Opinión

Trump quiere bailar solo… pero un juez le cambia la música y le bloquea ampliación de la Casa Blanca

Por: Mónica García-Durán | Rompecabezas

Un golpe seco desde los tribunales le marcó el ritmo a Donald Trump: el juez federal Richard Leon frenó la construcción de su ambicioso salón de baile en la Casa Blanca, un proyecto de 400 millones de dólares que el presidente pretendía financiar incluso con donaciones privadas. La sentencia no es menor: pone sobre la mesa quién manda realmente en la residencia más simbólica del poder estadounidense.

Leon no se anduvo con rodeos. Calificó de “descarados” los argumentos de la administración y dejó una línea que ya es munición política: el presidente es custodio, no dueño de la Casa Blanca. Traducido al lenguaje llano: Trump quiso jugar con fichas que no le pertenecen.

El fallo desmonta la apuesta central del trumpismo: que el Ejecutivo puede rediseñar la sede del poder sin pasar por el Congreso. No. Ni para demoler el ala este, ni para levantar un salón de 90 mil pies cuadrados. Sin aval legislativo, no hay obra. Punto.

La Casa Blanca respondió como suele: doblando la apuesta. Anunció apelación inmediata y calificó la decisión de “atroz”. Trump, desde el Despacho Oval, intenta mantener viva la narrativa de control total, aferrándose a los permisos parciales para obras de seguridad.

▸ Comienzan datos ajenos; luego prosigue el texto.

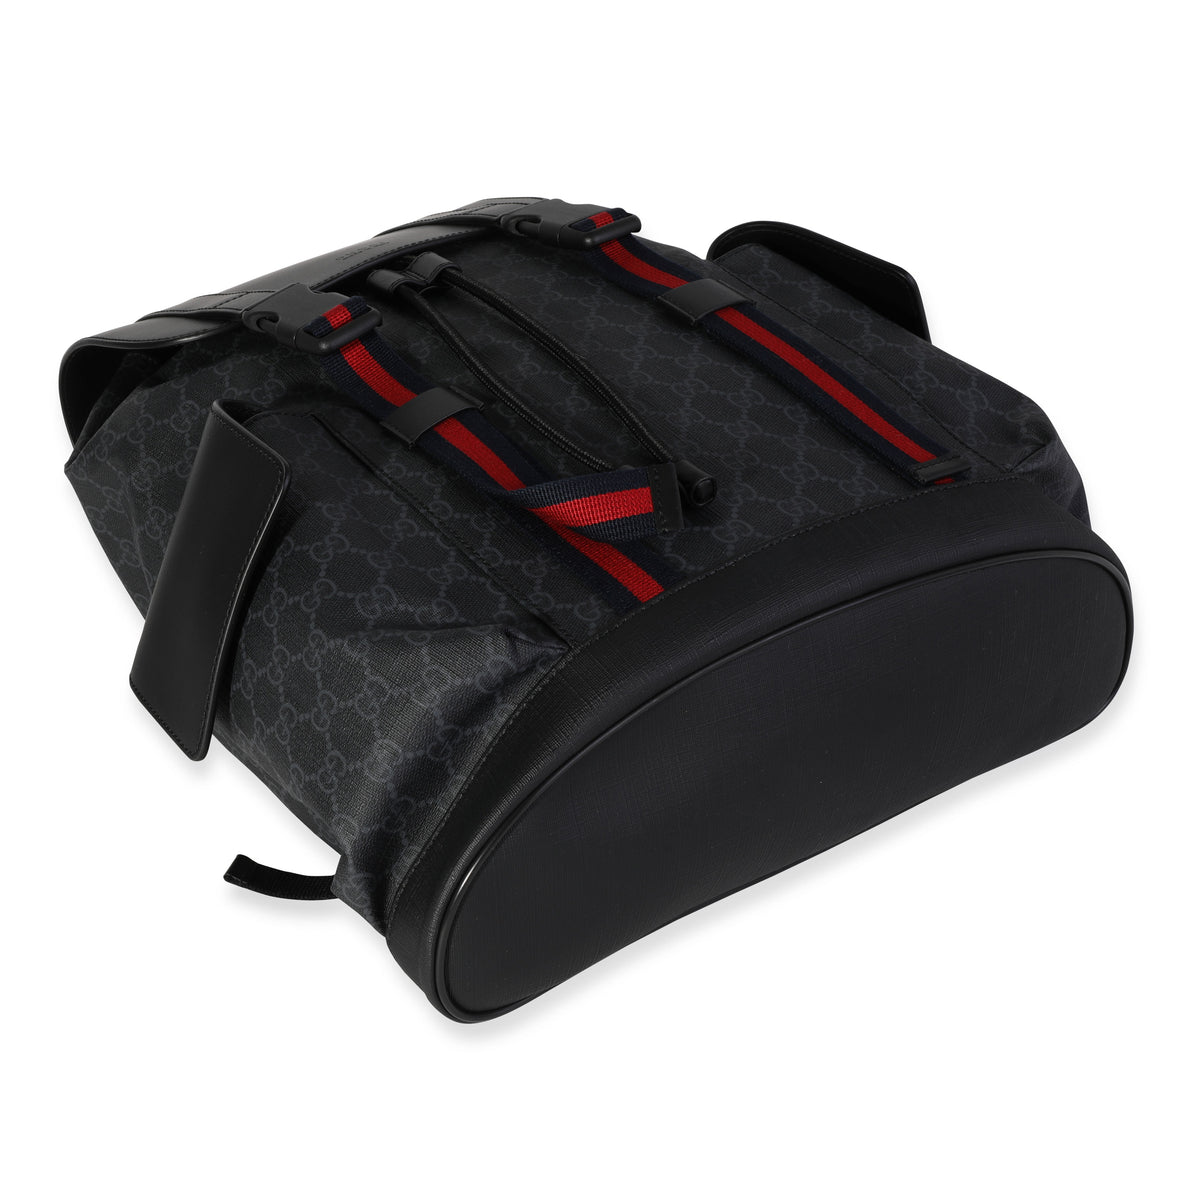 Gucci Black Soft Gg Supreme Backpack

Aquí no se discute arquitectura, sino poder. El juez acaba de recordarle a Trump que en Washington no basta con querer construir: hay reglas. Y, sobre todo, hay límites.

PIEZAS SUELTAS

1.     Trump promete paz rápida mientras la guerra sigue escalando

Un nuevo anuncio de Donald Trump llega con un contraste incómodo: habla de terminar la guerra en semanas, pero el terreno cuenta otra historia. Bombardeos en Irán, ataques en el Golfo, escalada en Líbano y más de mil civiles muertos dibujan un escenario que no se apaga con discursos. La promesa de “nos iremos muy pronto” suena más a mensaje político que a hoja de ruta clara. No hay negociación confirmada con Irán, mientras actores regionales siguen activos y el riesgo se expande. Incluso aliados tradicionales reciben presión pública de Washington, tensando aún más el tablero. El costo ya es visible: gasolina al alza, mercados nerviosos y ciudadanos atrapados —como la periodista secuestrada en Bagdad— en medio de una guerra que no controlan. Si Trump quiere vender el final del conflicto, primero tendrá que demostrar que realmente puede detenerlo. Porque hoy, más que una salida, lo que hay es incertidumbre.

2. Abrir Ormuz “por cualquier medio”: cuando el negocio dicta la guerra

La jugada de Emiratos Árabes Unidos es todo menos altruista: ahora resulta que “liberar” el estrecho de Ormuz es una causa urgente… justo cuando el turismo cae, el mercado inmobiliario se enfría y el dinero empieza a huir. Casualidad, dicen. En una exclusiva de The Wall Street Journal se revela el giro: de la cautela diplomática al empujón militar. Presionar a Washington, buscar cobertura de la ONU y hasta sugerir ocupaciones estratégicas. En otras palabras, subir la apuesta… pero con fichas prestadas. Aquí no hay romanticismo geopolítico: hay petróleo, rutas comerciales y pérdidas económicas. Ormuz no es solo un paso marítimo; es la caja registradora del Golfo. Y cuando esa caja deja de sonar, aparecen las prisas por “restablecer el orden”. El problema es el método: abrir rutas “por la fuerza” en una región incendiada no es solución, es gasolina. Pero en este tablero, la estabilidad importa menos que el flujo de capital.

3. Votar por correo, pero con filtro presidencial: Trump prueba los límites

Donald Trump vuelve a estirar la liga institucional: ahora intenta rediseñar el voto por correo desde la Casa Blanca, como si las reglas electorales fueran un decreto más en su escritorio. La orden ejecutiva no es menor: pretende que el gobierno federal, vía el Departamento de Seguridad Nacional, decida quién entra en la lista de ciudadanos que recibirán boletas. El problema es básico, pero incómodo para el guion: en Estados Unidos, las elecciones no las controla el presidente. Las gestionan los estados. Y los tribunales ya han frenado antes intentos similares. El argumento de “seguridad” suena conocido. También suena conveniente. En la práctica, abre la puerta a filtrar votantes bajo criterios políticos disfrazados de administrativos.

Más que una reforma, parece una prueba de fuerza: hasta dónde puede avanzar el Ejecutivo sin que le corten la jugada.